ELE320 Power Electronics (2-2-3)
The course aims to introduce the power electronics devices, power diode and power transistors. Analysis and design of uncontrolled and controlled rectifiers. Thyristor characteristics, types of thyristors, models, and operations of thyristor, thyristor commutation techniques and commutation circuit design. DC–DC converters: principles and classifications.
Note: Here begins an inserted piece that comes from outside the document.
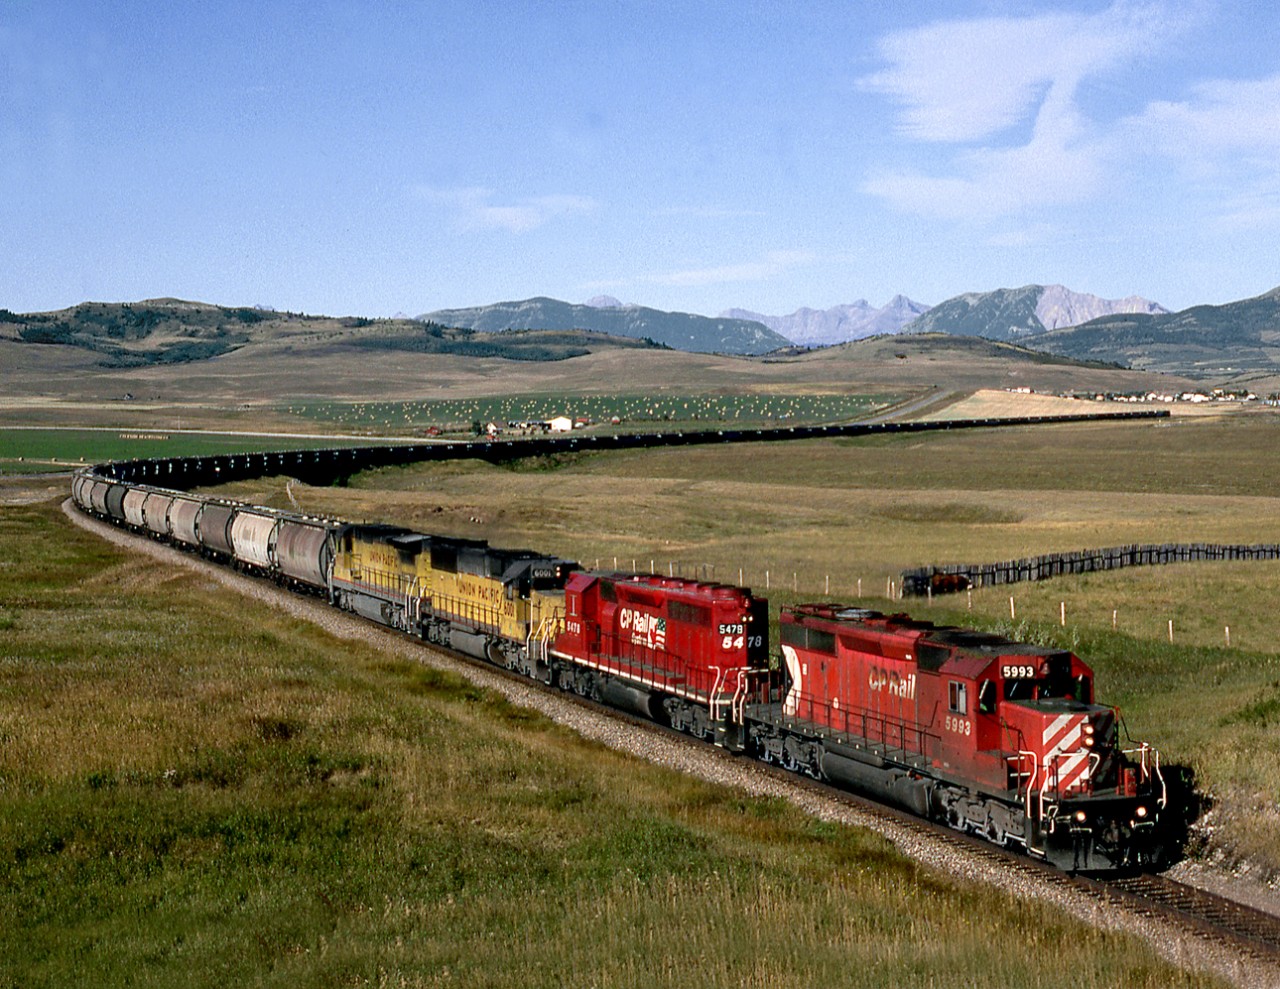 Potash empties off the Union Pacific at Kingsgate B.C. have just crossed Crowsnest Pass and is crossing the high plains between Lundbreck and Cowley

AC voltage controllers with resistive and inductive load Principles of operation and performance parameters of different types of inverters and cycloconverters will be explored in detail.
Prerequisite: ELE319, ELE208
ELE462 Industrial Control Systems (2-2-3)
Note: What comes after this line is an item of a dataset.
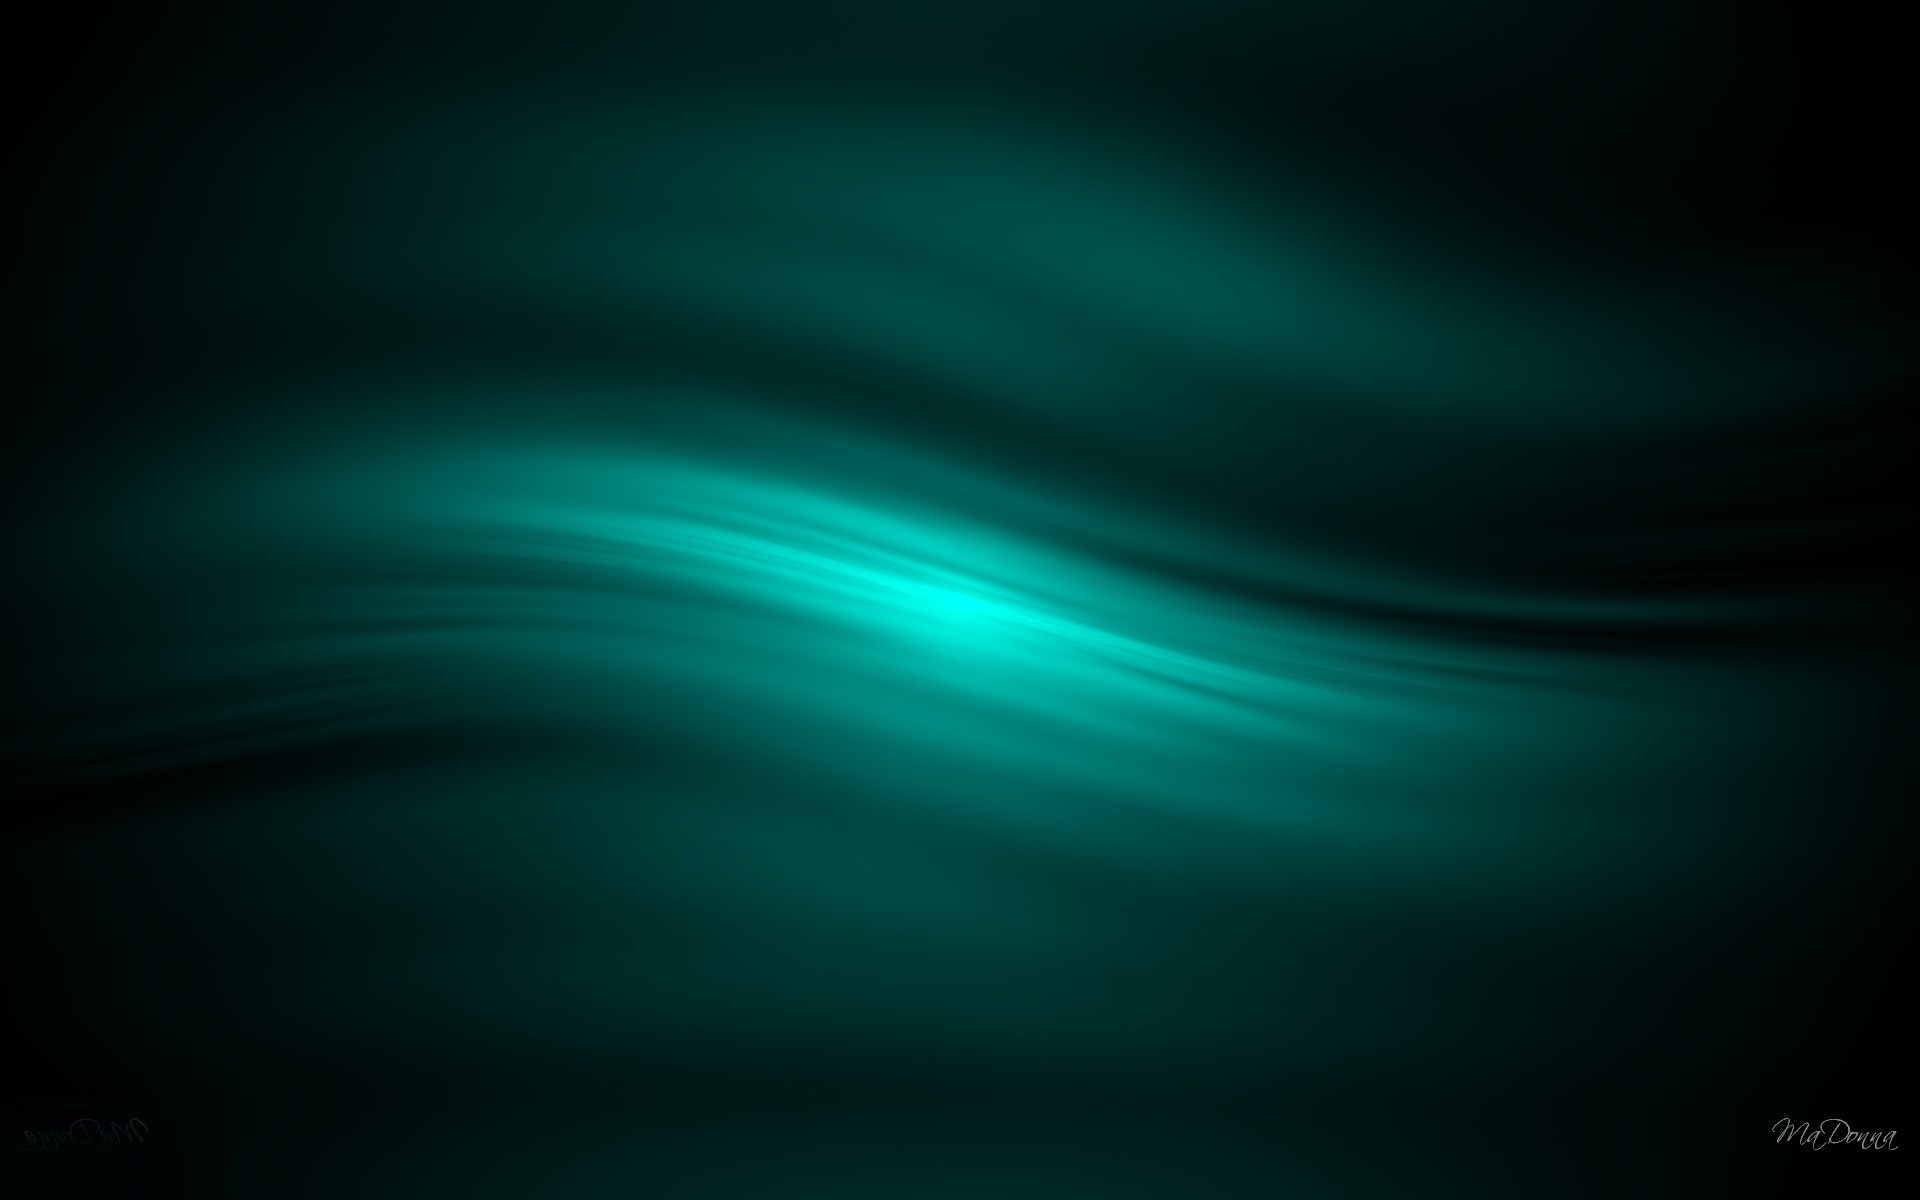 Cyan Backgrounds Free Download

Industrial control principles. Programmable Logic Controllers (PLCs). Sequential programming, Ladder diagrams. Introduction to Process Control Systems. Foundation Fieldbus and Profibus standards. Block diagram representation of industrial control systems. Application of analog and digital signal conditioning in industrial control. Thermal, optical, displacement, position, strain, motion, pressure, and flow sensors used in industrial control. Actuators in industrial control. Data Logging, Supervisory Control, Computer-based Controllers.
ELE414 Nano Devices and Systems (2-2-3)
This course provides students the opportunity for open-ended design of electronic circuits based on recent nanoscale devices using mixed-mode signals with advanced CAD tools. In this course, the state-of-the-art CAD (computer-aided design) tool to analyze and design device dimensions scaling-down (down to Nano scale) is covered. The used software is the same software suite that top device companies use to design their technology. Small student groups will design and test devices based on the goals they established at the beginning of the course. By the end of this course, the students will be able to define the opportunities and challenges of nanoscale technology and systems. Also, the students will learn how to use an advanced software package for simulating nano-devices and systems. Some possible devices that students might design include solar cells, ultra-low power transistors, high sensitivity or high speed temperature sensors, as well as analog and digital systems using nano-scale devices.
ELE413 Microwave Engineering (3-0-3)
Introduction to microwave engineering, time domain analysis of transmission lines. Bounce diagrams. Steady-State Waves on Transmission Lines, field equations for lossless guiding structures, TEM waves. Power flow on a transmission line. Rectangular and Circular waveguides, Coaxial Lines and Stripline, Microstrip Lines. Impedance transformation and matching techniques. Scattering Matrix. Passive Microwave Devices. Terminators and attenuators. Phase shifters. Directional couplers. Hybrid couplers. Antennas. Application of Microwave Engineering.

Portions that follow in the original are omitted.